The U.S. dollar’s sharp decline is the most important theme, with the Dollar Index (DXY) recently falling below 99.50 for the first time since the fourth quarter of 2024. This follows the mid-January report showing December 2025 inflation cooled to 2.8%, fueling speculation that the long dollar bull market is over. A persistently weak dollar should provide a tailwind for commodities and non-U.S. assets in the weeks ahead.
Gold and silver remain the primary places to be, with gold having decisively cleared the $2,500 level last week. We see silver’s recent surge past $35 as a confirmation of this trend, not a sign of a bubble, as it plays catch-up after underperforming through much of 2025. Buying dips in precious metals futures or related call options is the straightforward way to trade this momentum.
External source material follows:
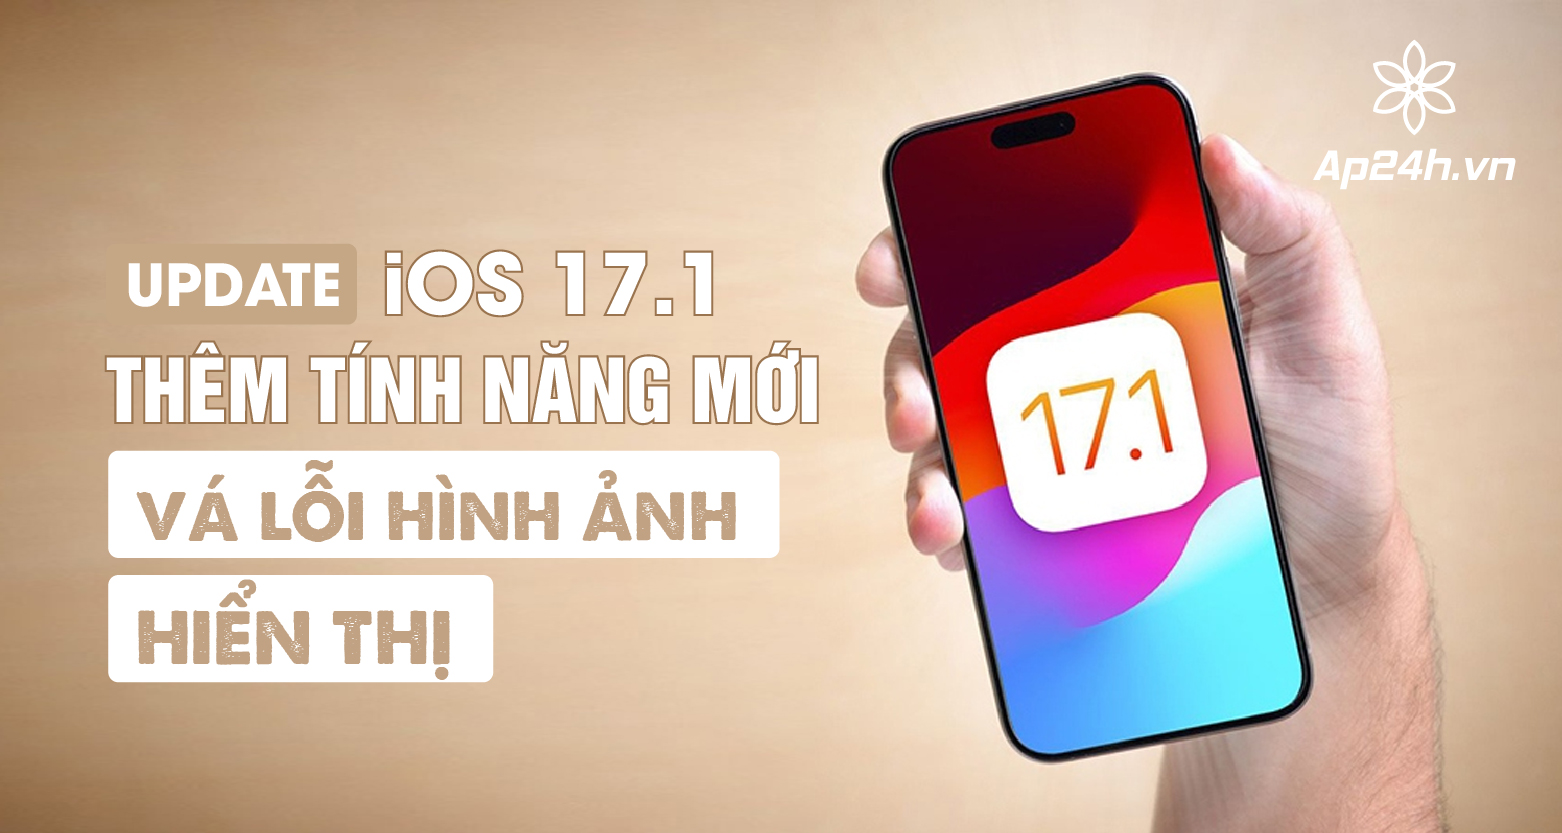 iOS 17.1 thêm tính năng mới và vá lỗi hình ảnh hiển thị

We see clear evidence of rotation out of technology and into value, which we expect to define 2026. While the Nasdaq ETF (QQQ) struggles to overcome resistance at the $630 mark, energy and industrial stocks have been quietly outperforming. This shift is also lifting commodities like copper, which has gained 5% since China’s slightly improved manufacturing data was released two weeks ago.
The Treasury market’s relative calm, with the 10-year yield holding steady around 4.1%, is the anchor in this environment. This stability is likely a result of the immense U.S. government refinancing needs, which will keep a floor under yields. For traders, this means that while the dollar may fall, a complete collapse in interest rates that would ignite a new tech rally is unlikely.